- [TASK]:
Print every line below exactly. Skip the pictures.

- [INFORMATION SUPPLIED]:
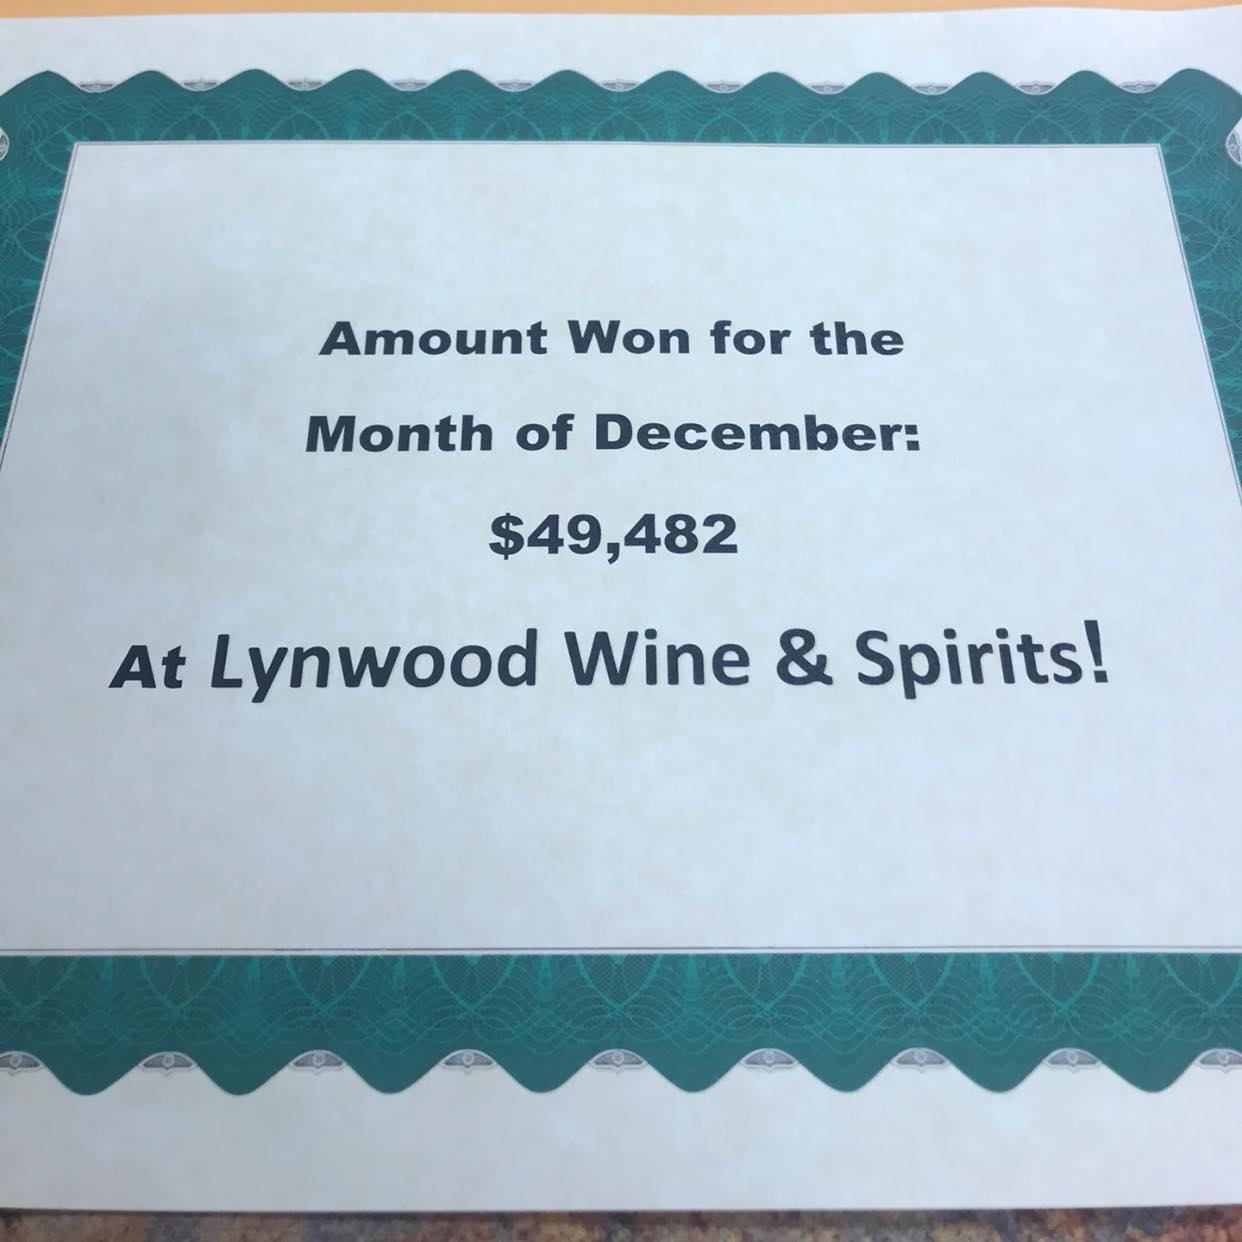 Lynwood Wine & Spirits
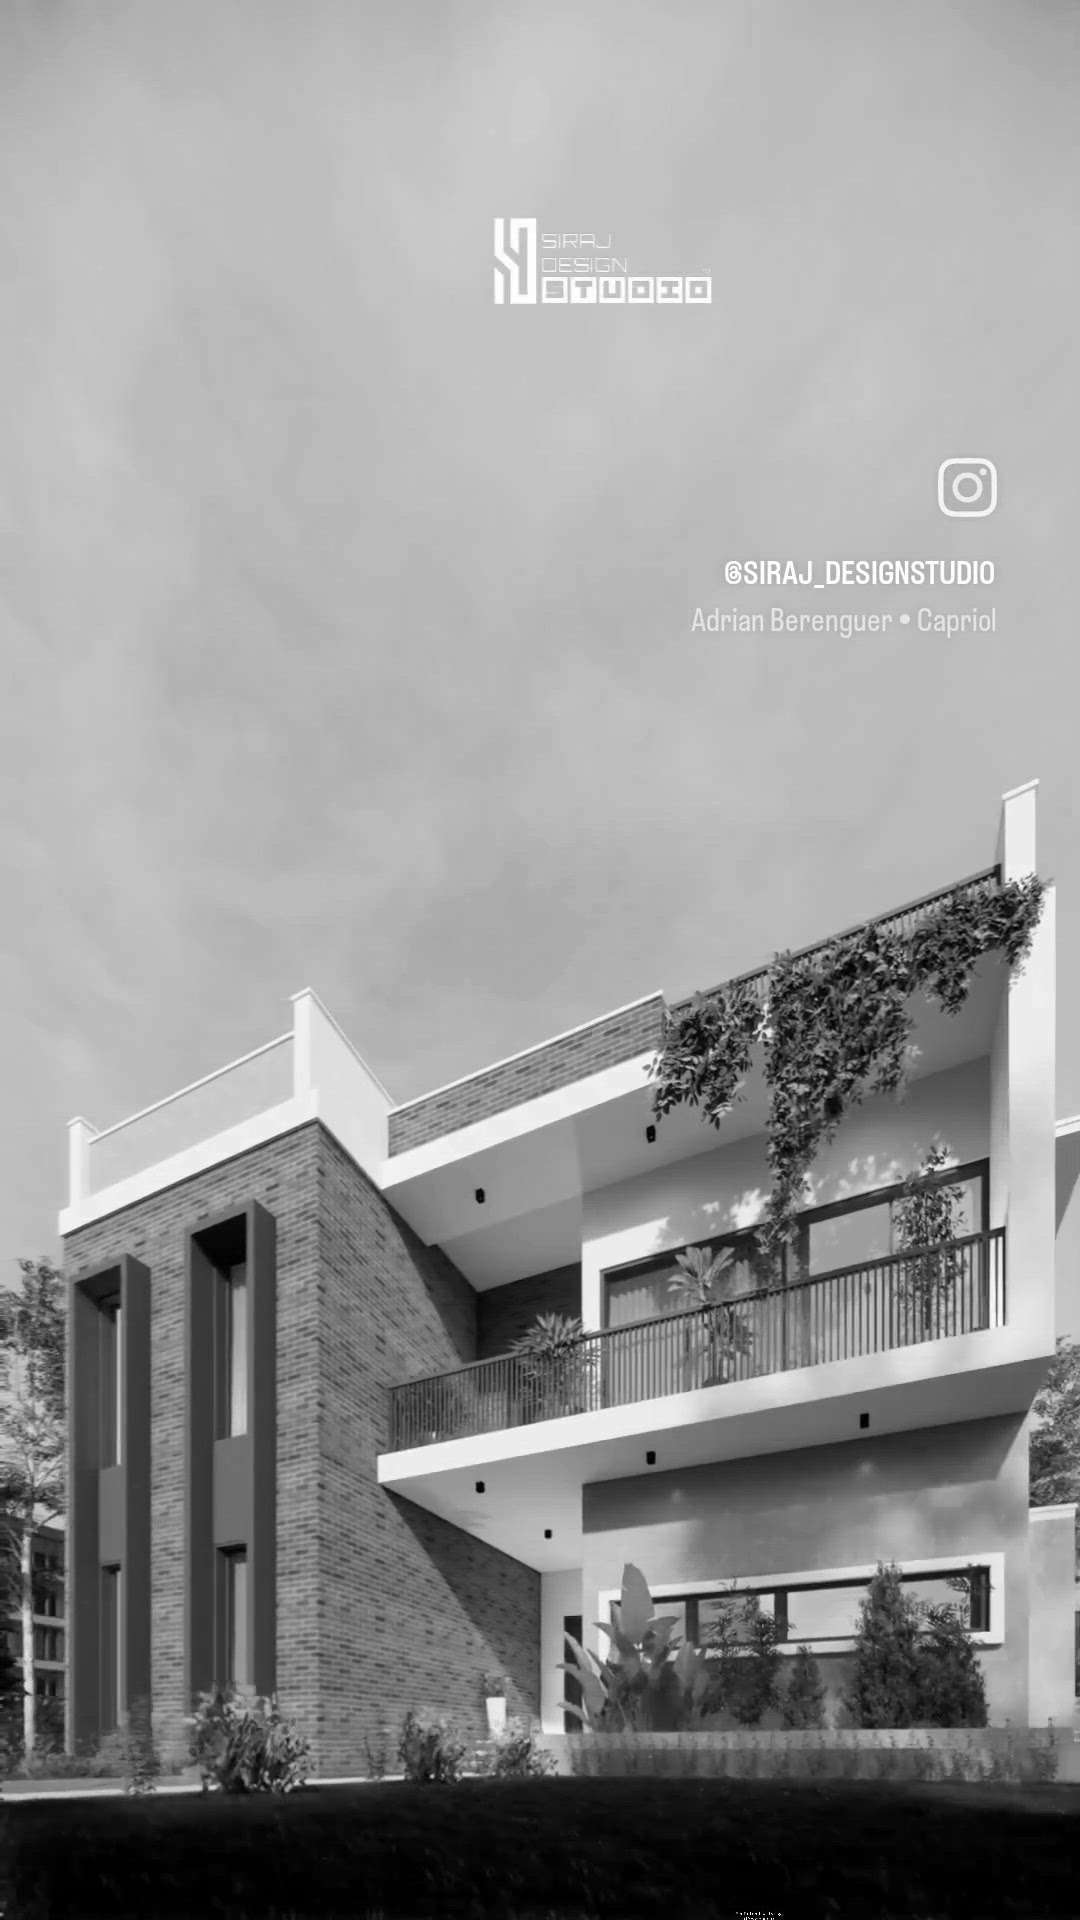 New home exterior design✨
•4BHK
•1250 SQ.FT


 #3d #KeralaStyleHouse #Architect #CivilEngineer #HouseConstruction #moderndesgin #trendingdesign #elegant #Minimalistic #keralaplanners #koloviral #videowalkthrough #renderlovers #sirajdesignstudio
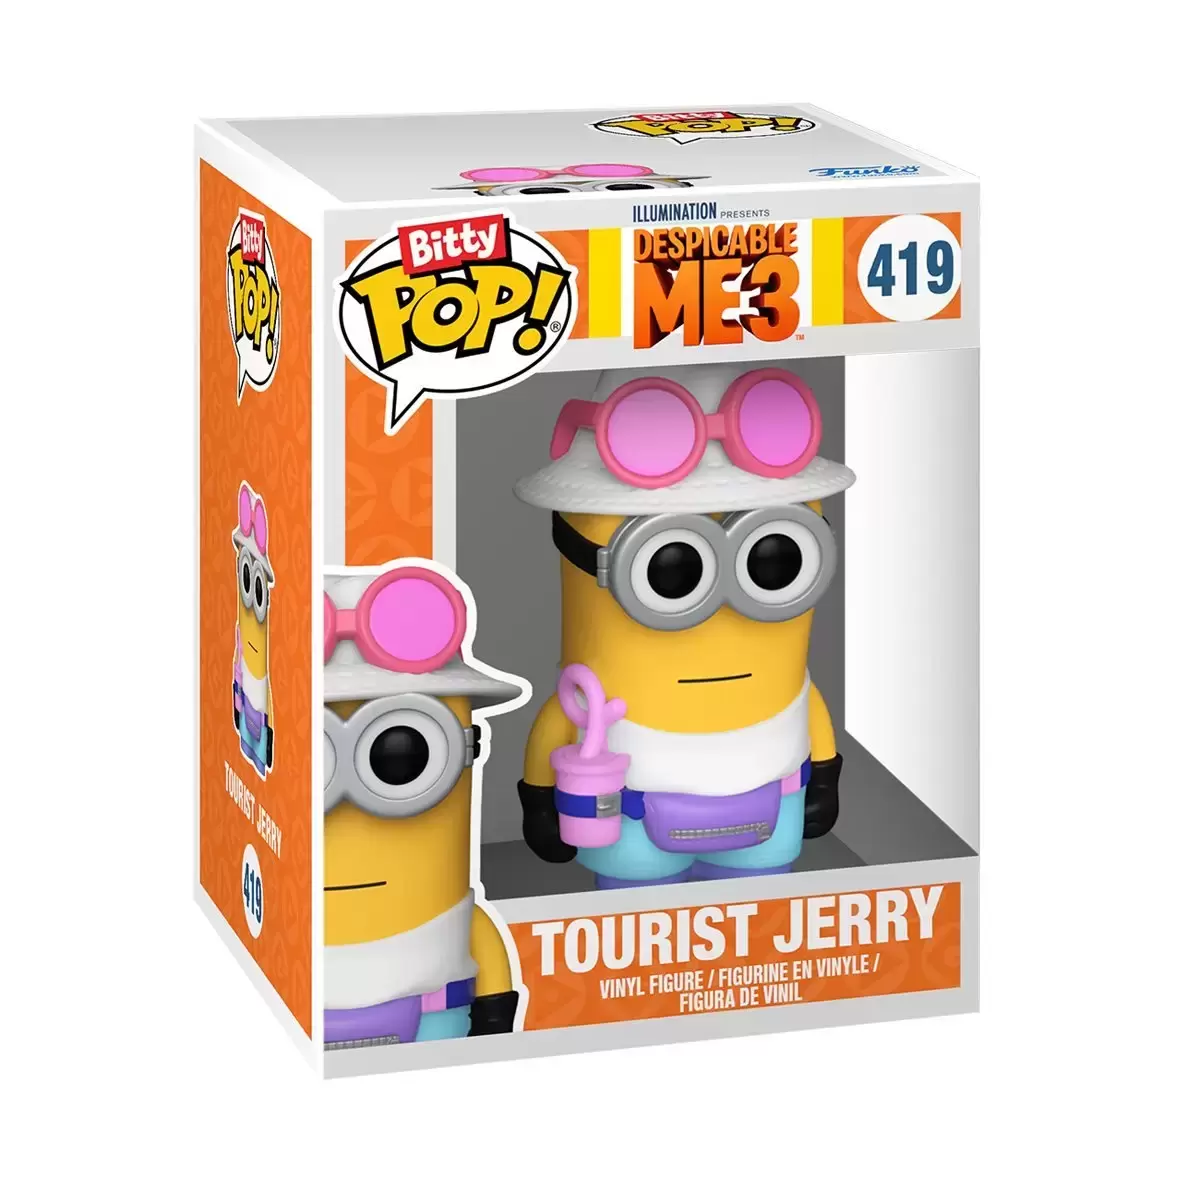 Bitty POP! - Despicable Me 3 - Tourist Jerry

- [FINISHED TASK]:
 Lynwood Wine & Spirits
 New home exterior design✨
•4BHK
•1250 SQ.FT


 #3d #KeralaStyleHouse #Architect #CivilEngineer #HouseConstruction #moderndesgin #trendingdesign #elegant #Minimalistic #keralaplanners #koloviral #videowalkthrough #renderlovers #sirajdesignstudio
 Bitty POP! - Despicable Me 3 - Tourist Jerry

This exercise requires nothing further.